Мы выехали из города. Я думал показать ему по пути римскую дорогу, а то даже и выйти для короткого осмотра пешком и, пользуясь случаем, рассказать о подарке, который сделала мне мама. Но Мешулам начал рассказывать первым. Сначала он показывал мне дома, которые построил. Потом — дома, которые разрушил. Потом холмы, на которых сражался в Войну за независимость, когда был в Пальмахе: «А ты что думал? Что весь Пальмах состоял из таких высоких блондинов, как твоя мама? Были там и такие, как я», и тут он добрался наконец до сути дела — до своей Тиреле, до Тирцы.
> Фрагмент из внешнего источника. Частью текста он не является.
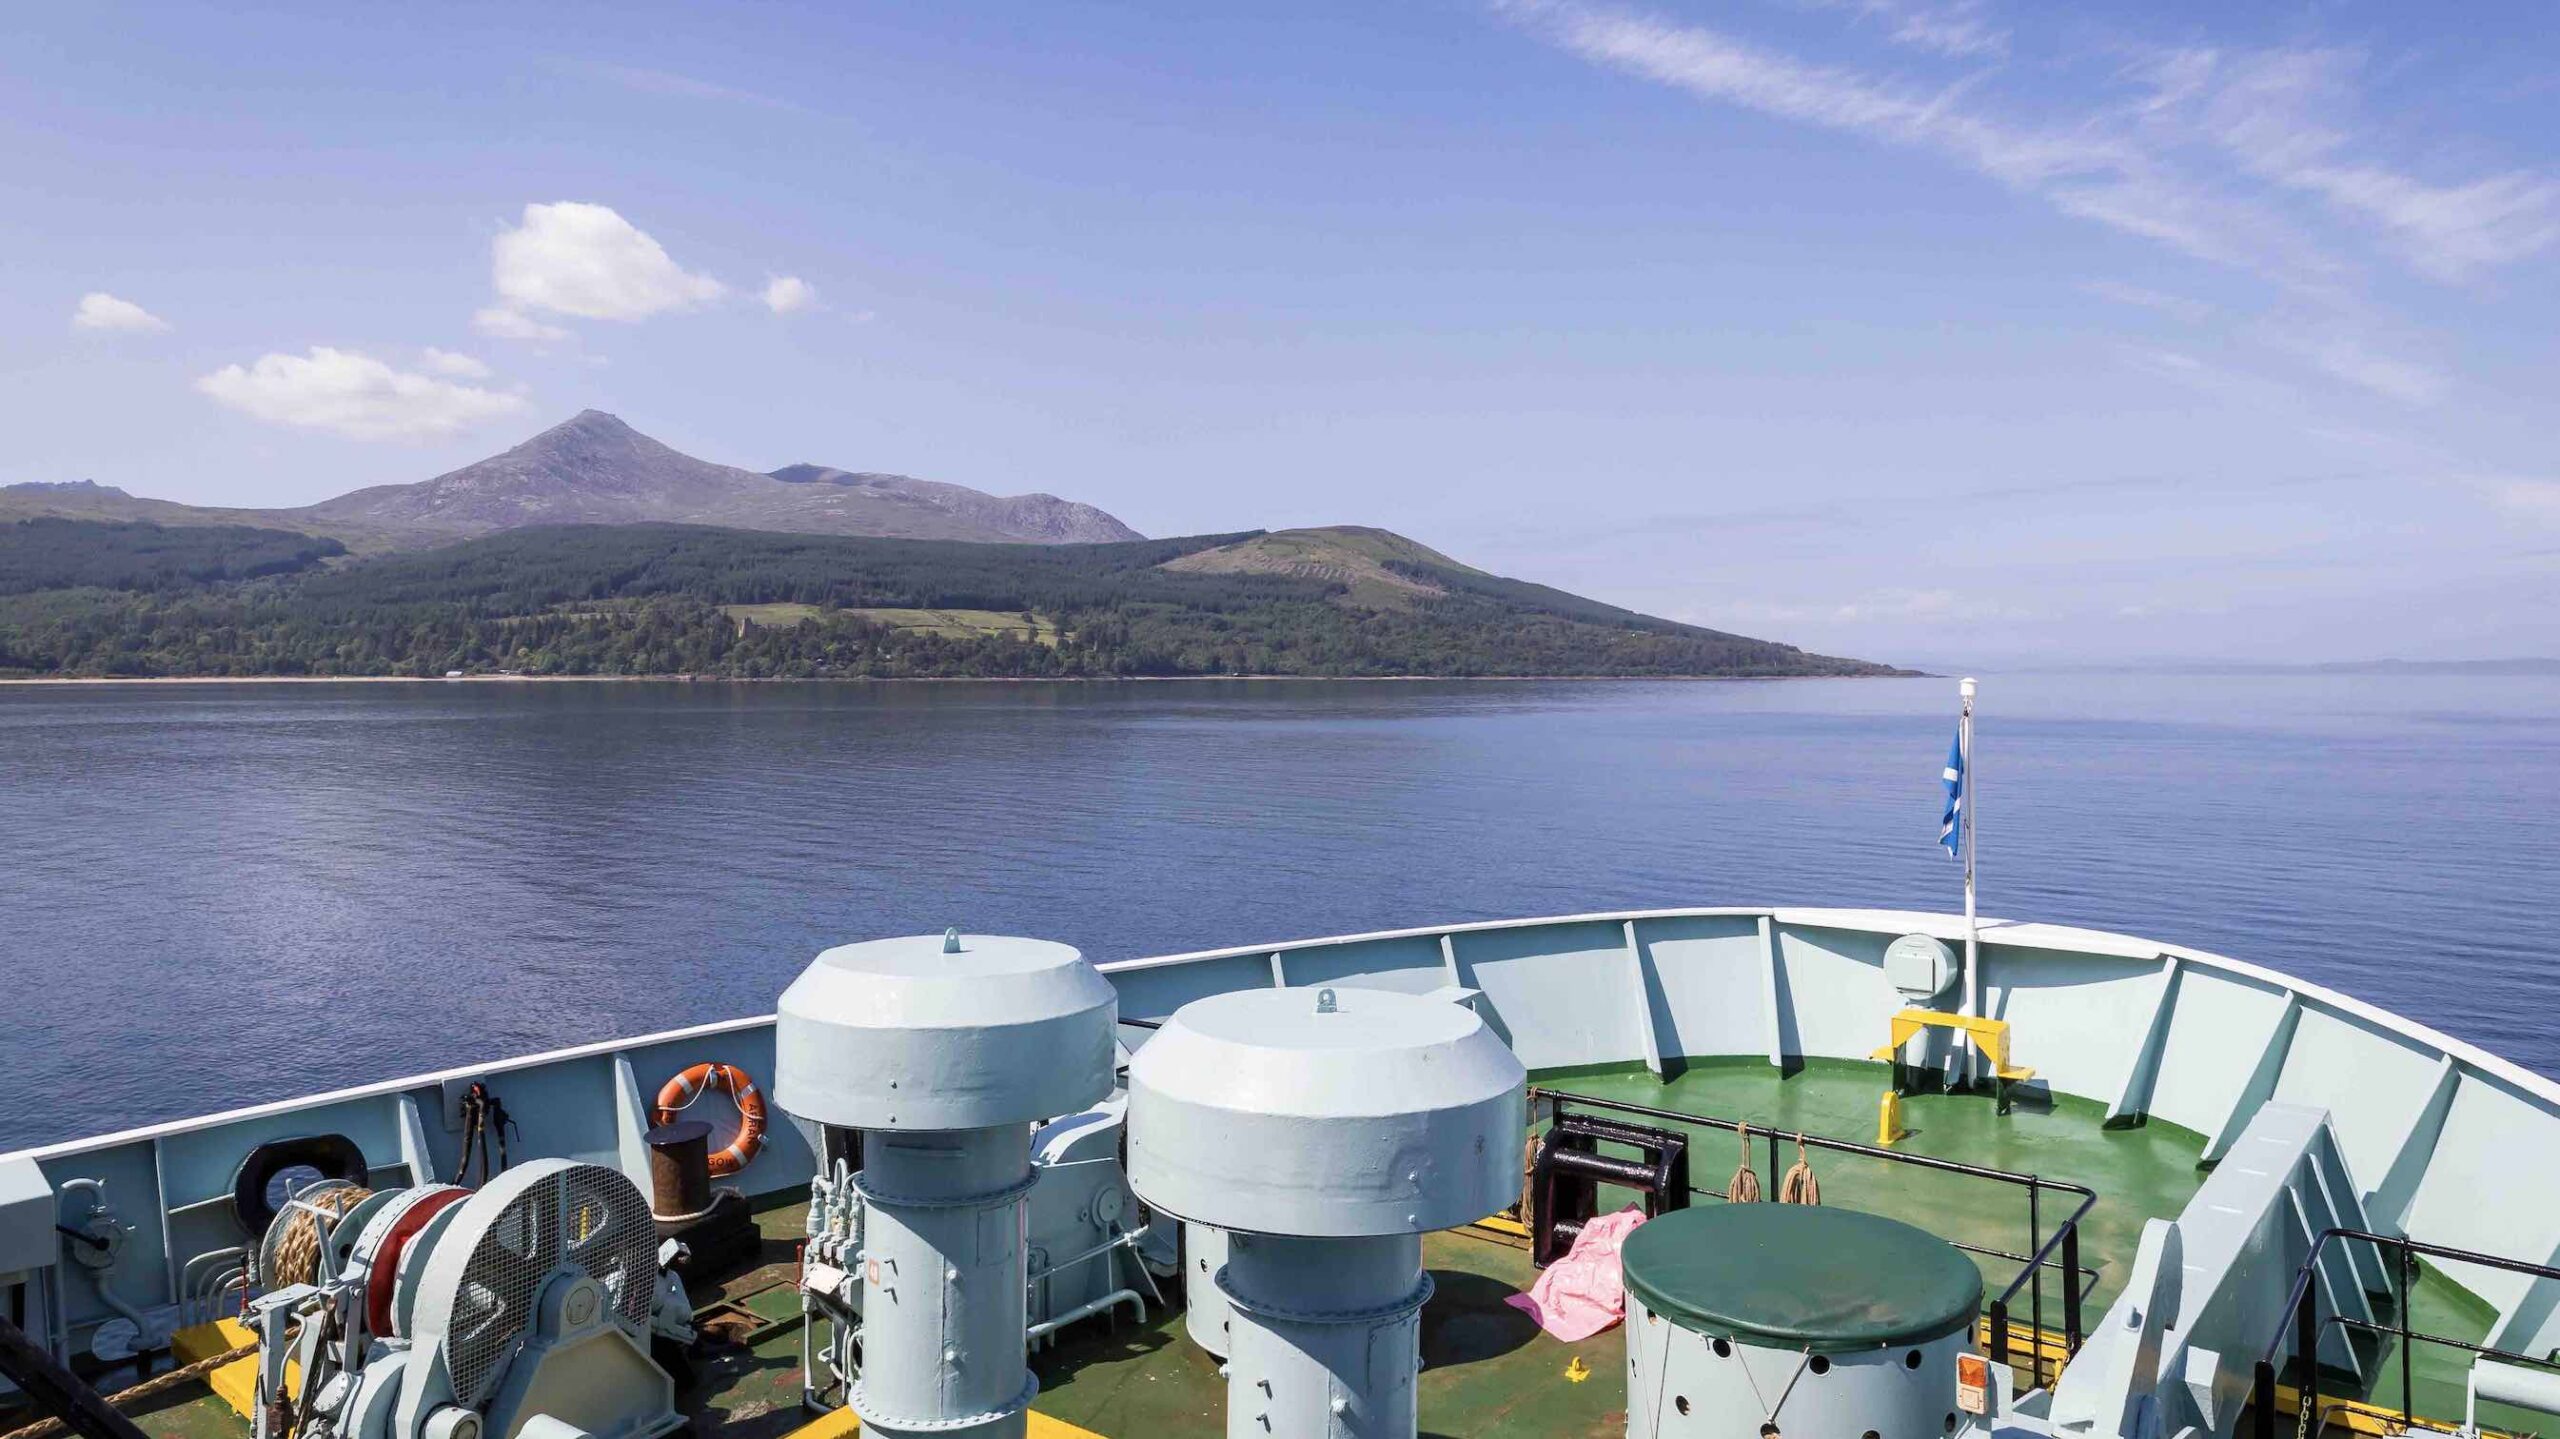 Isle of Arran Ferryshutterstock-thepalmsagency-Ferry crossing thigns to do on the Isle of Arran

— Ты помнишь, Иреле, когда вы были детьми, как Гершон каждое лето ходил в лагерь в Институте Вейцмана, а она шла со мной на работу? А сейчас, ты знаешь, какой она стала сейчас большой подрядчик? Она у меня сейчас отвечает за все проекты Мешулама Фрида!

— Да, я слышал, что она работает с тобой, но как-то пропустил, что она уже выбросила тебя из правления твоей фирмы.

Лицо Мешулама просияло.

— Не меня она выбросила, а мужа своего она выбросила, этого шмендрика Иоси своего. А со мной она начала вместе работать.

Он засмеялся:

— «Мешулам Фрид и дочь с ограниченной ответственностью». — И вздохнул. — Даже если бы Гершон был жив, я бы не его взял в дело, а только ее. — И улыбнулся. — А его бы послал в твой университет. Ее, чтобы принесла уважение к моим деньгам, а его — чтобы принес уважение к профессору Гершону Фриду, и чтобы они вместе были как моя месть братцам моей Голди, светлая ей память, которые всегда смотрели на меня сверху вниз, особенно когда приходили попросить очередную ссуду.
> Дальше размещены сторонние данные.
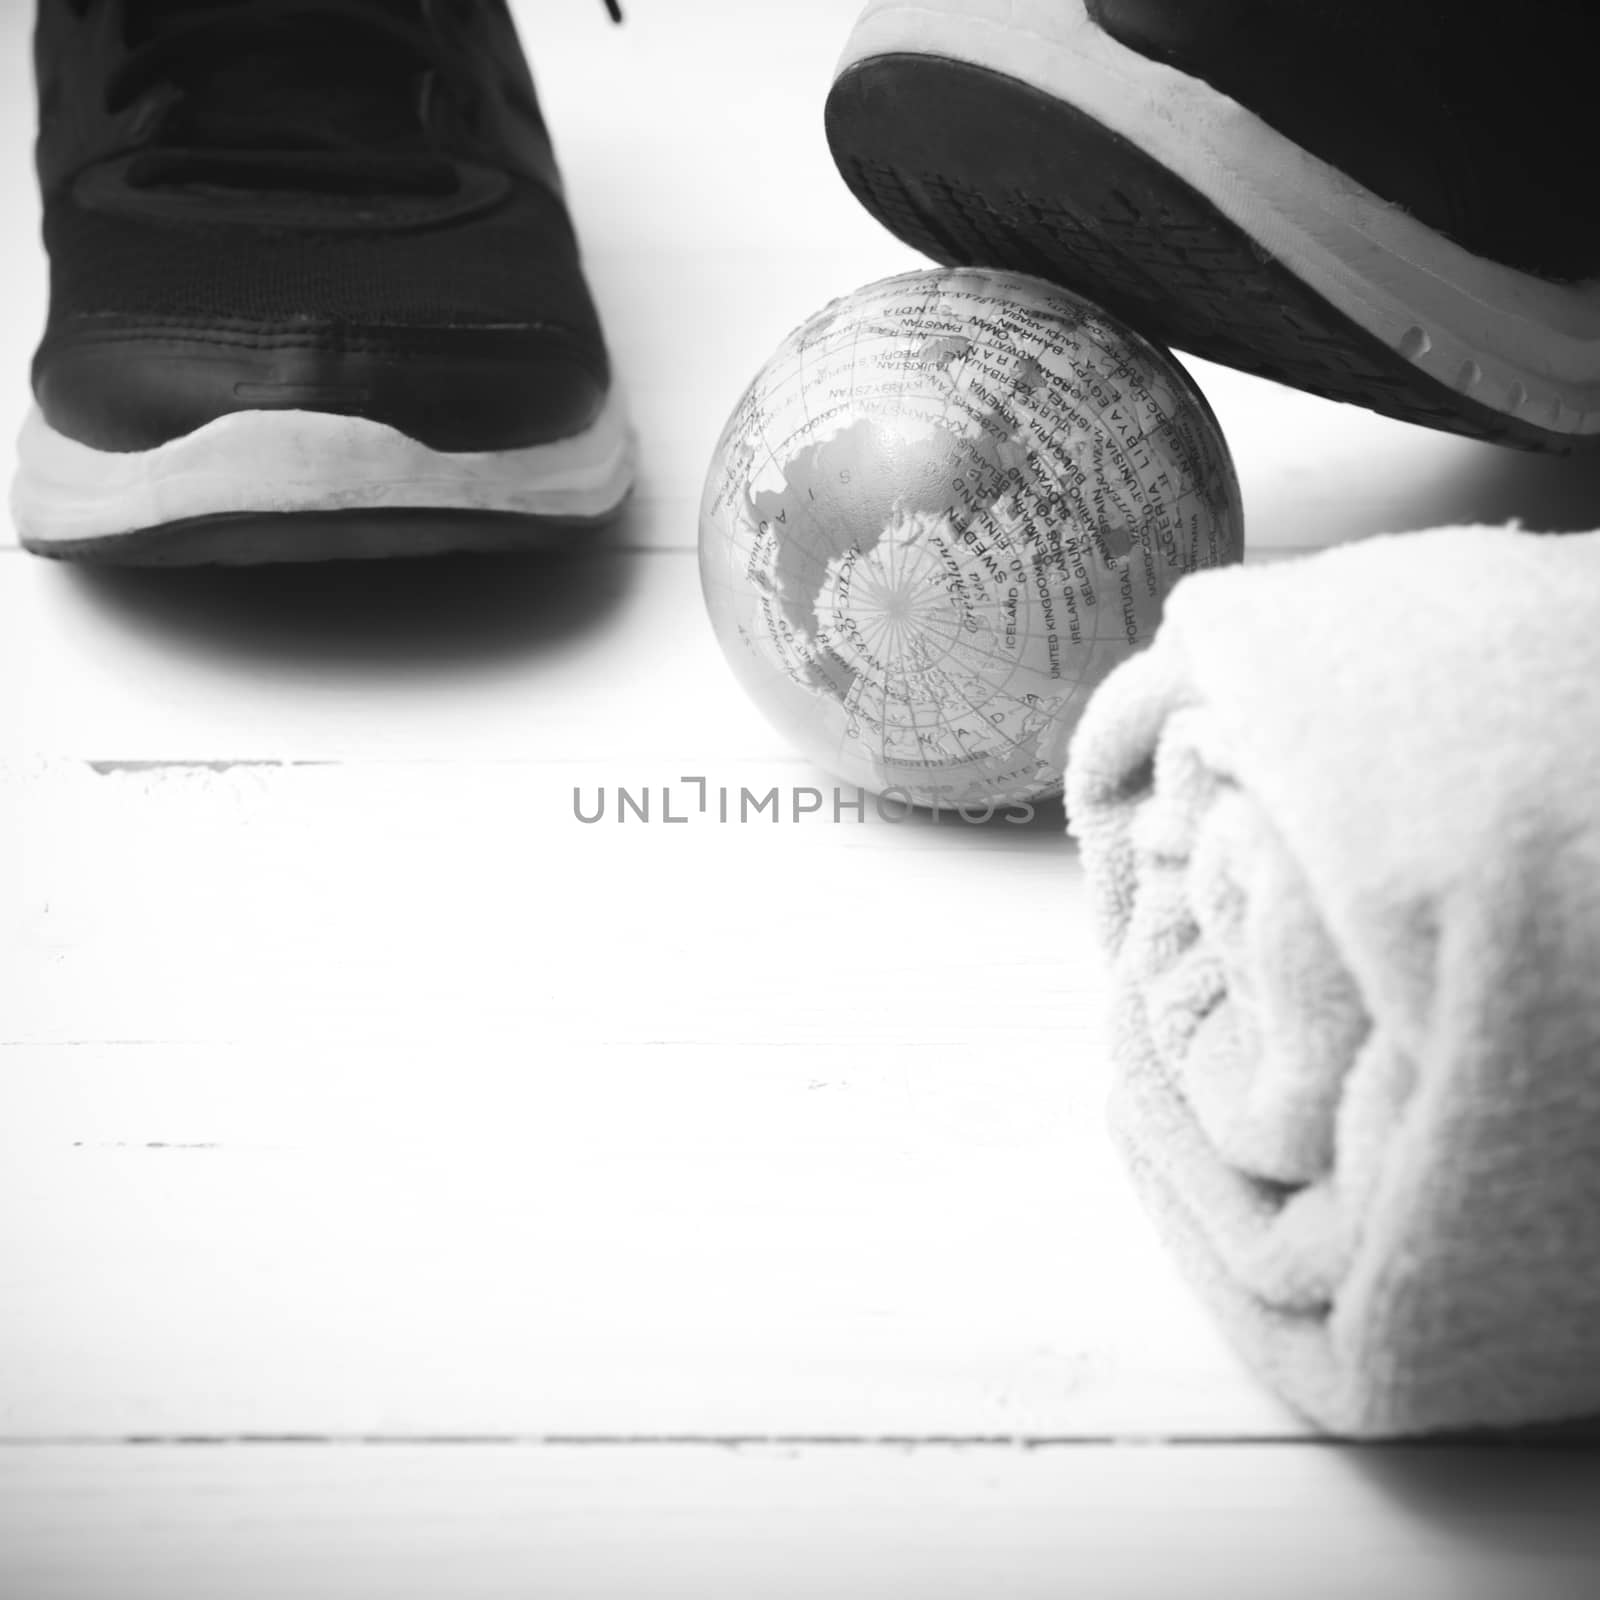 running shoes,earth ball and towel black and white tone color st by ammza12

И, увидев выражение моего лица, добавил:

— Ты думаешь, Мешулам не думал все эти годы о тебе и о ней? Ты думаешь, Мешулам не видел, что ты и его дочь созданы друг для друга? Я уже тогда это увидел, в тот самый день, когда привез к вам моего маленького Гершона. Еще когда я бежал с моим полумертвым ребенком на руках к двери амбулатории и когда профессор Мендельсон вышел ко мне и сказал: сюда, господин Фрид, входите сюда, через этот частный вход, — еще тогда я краем глаза увидел вас, как вы похожи один на другого, совсем как две капли воды, и как вы один на другого смотрите.
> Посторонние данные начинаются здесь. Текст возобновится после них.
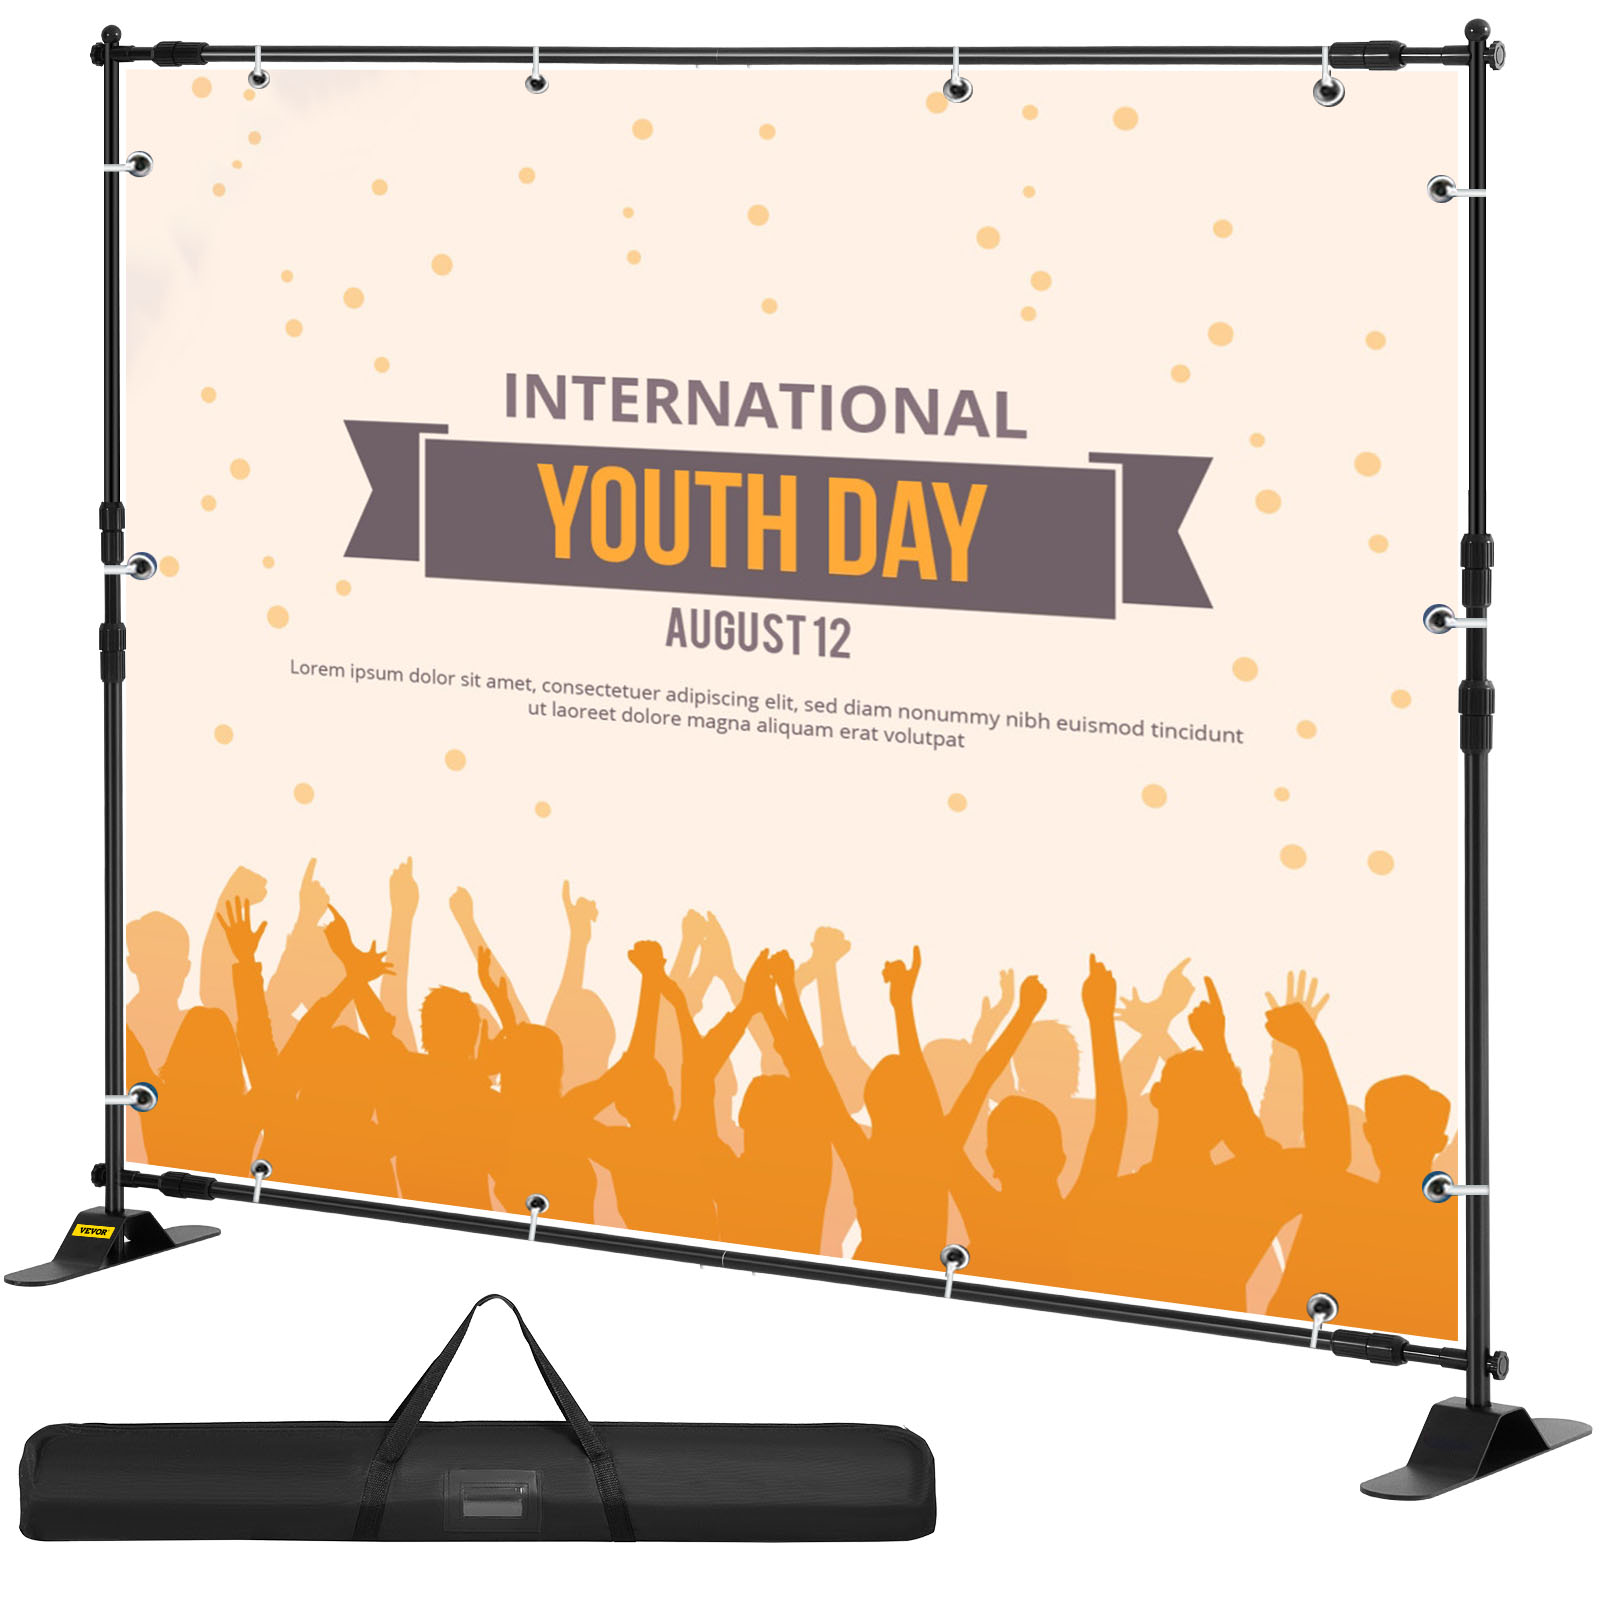 VEVOR VEVOR 8FT Backdrop Banner Stand Step and Repeat Adjustable Telescopic  Lightweight Trade Show Display Wall Exhibitor with Carrying Bag VEVOR UK

И грузно повернулся ко мне:

— Такой женщине, как моя Тиреле, нужен мужчина, похожий на нее, а такому мужчине, как моя Тиреле, нужна женщина, похожая на нее. Так вот. Она бросила своего мужа, а ты бросаешь свой дом. Сейчас самое время. Нужно ковать железо, пока оно есть!

— Хватит, Мешулам. Я ничего не бросаю, — сказал я.

— Не бросаешь? Извини меня, Иреле. Я нашел себе дом, ты сказал. Свое место, ты сказал. Что это, если не бросить?

— И потом, я не Тирца, я похож на нее только внешне. Тирца внутри настоящий «менч»,[36] а я совсем не таков.

— Тут ты немного прав. Но скажи мне, сколько «менчн» должно быть в одной семье? Это в каждом окне нужны две одинаковые створки, но внутри дома одного «менча» вполне достаточно.

— Мы были друзьями в средней школе, — сказал я. — У нас был шанс, но из этого ничего не вышло. И мне не так уж плохо с Лиорой, как ты думаешь. Нормальная семейная жизнь, как у всех. Иногда не так чтобы хорошо, но в общем не очень и плохо.

Мешулам посмотрел на меня насмешливо:

— Ты что, начал читать журналы для женщин? Ты даже не сказал, что ты ее любишь. Такое простое слово, как любовь, через которое люди держатся вместе, даже этого ты не сказал.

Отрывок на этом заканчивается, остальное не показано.